Quand les footballeurs oublient que leur téléphone est une tribune
La vraie question que pose cet épisode n'est pas celle de la sincérité du joueur — sa frustration était sans doute réelle, humaine, compréhensible. Elle est celle de la responsabilité des footballeurs professionnels à l'heure des réseaux sociaux. L'instant post-match est le moment le plus dangereux pour n'importe quel athlète disposant d'un compte suivi par des milliers de personnes : les émotions sont maximales, le filtre est minimal, et l'audience est garantie.
Les instances continentales observeront probablement cet épisode avec la même distance flegmatique qu'elles appliquent à toutes les polémiques extra-sportives qui n'affectent pas directement les résultats.
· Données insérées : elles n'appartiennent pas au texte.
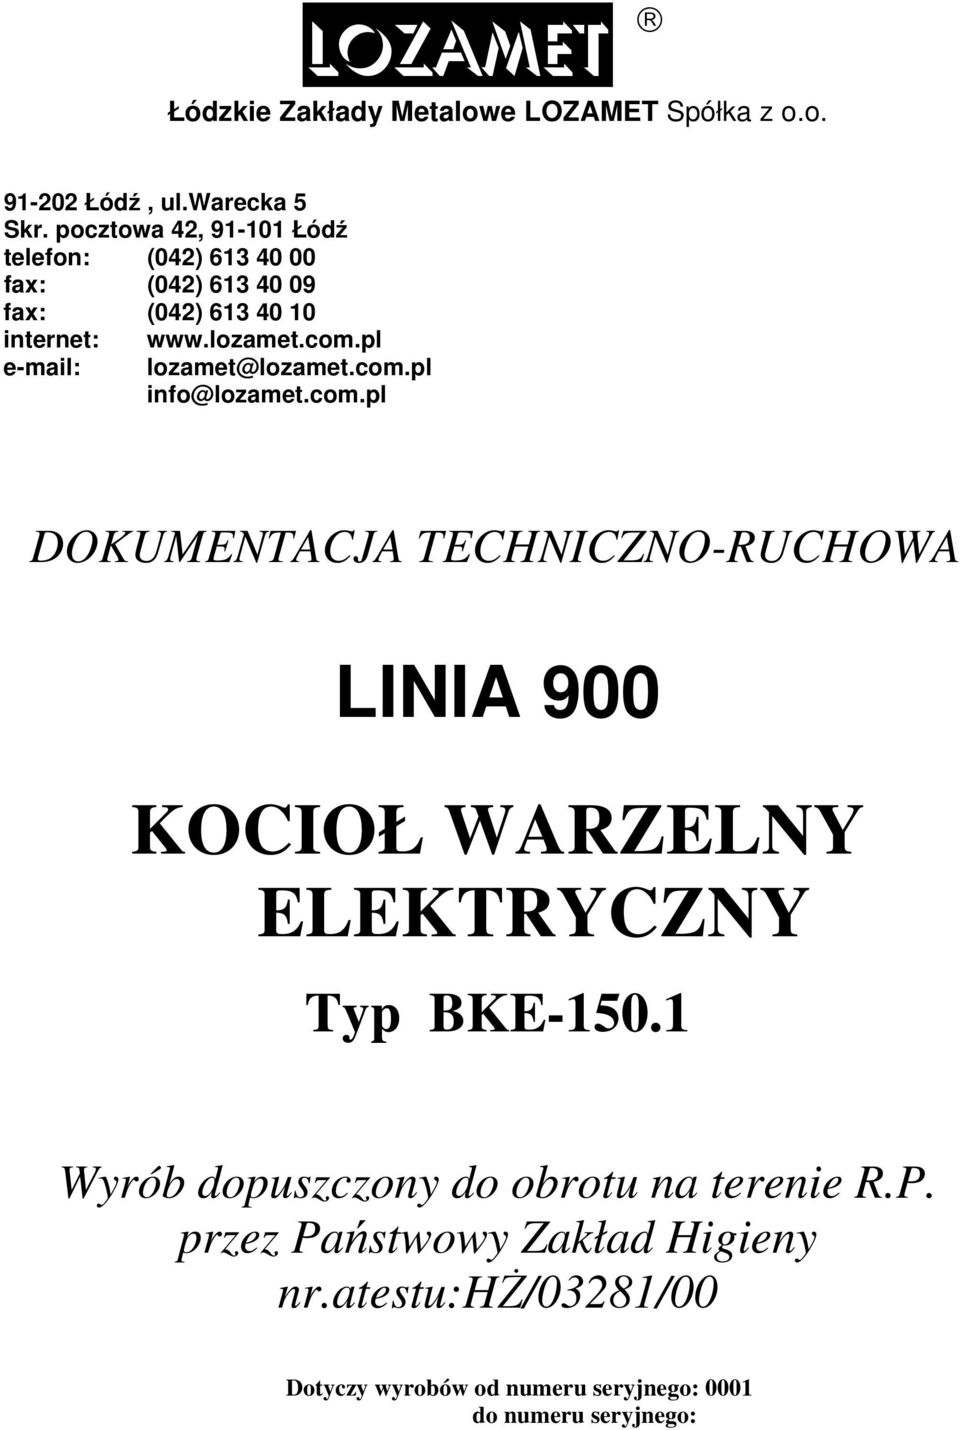 com.pl lozamet@lozamet.com.pl info@lozamet.com.pl DOKUMENTACJA TECHNICZNO-RUCHOWA LINIA 900 KOCIOŁ WARZELNY ELEKTRYCZNY Typ BKE-150.

La CAF, dont le siège est au Caire et qui gère 54 fédérations aux intérêts souvent divergents, a d'autres batailles à mener — notamment celle de la crédibilité arbitrale et de l'organisation de ses compétitions, régulièrement épinglées pour leurs délais et leurs conditions logistiques.
Pour l'OC Safi, l'histoire s'arrête là pour cette saison africaine. Une demi-finale en Coupe de la Confédération, c'est déjà une ligne honorable dans un palmarès continental encore mince. Mais l'élimination laisse un goût amer, accentué par cette polémique qui risque de polluer la mémoire du parcours. Le joueur concerné devra certainement gérer les retombées de sa déclaration, que ce soit auprès de son club, de la Fédération Royale Marocaine de Football, ou simplement de l'opinion publique des deux côtés de la frontière.
L'USM Alger, lui, jouera la finale. Et si, par un concours de circonstances que le football africain affectionne, il venait à croiser un club marocain dans cette ultime étape, nul doute que la phrase sur le thé resurgirait. Certaines déclarations ont la vie longue dans les derbies continentaux — elles deviennent du carburant, de la mémoire collective, parfois même de la légende. Dans le meilleur des cas, elles finissent en anecdote. Dans le pire, elles durent plus longtemps que les carrières de ceux qui les ont prononcées.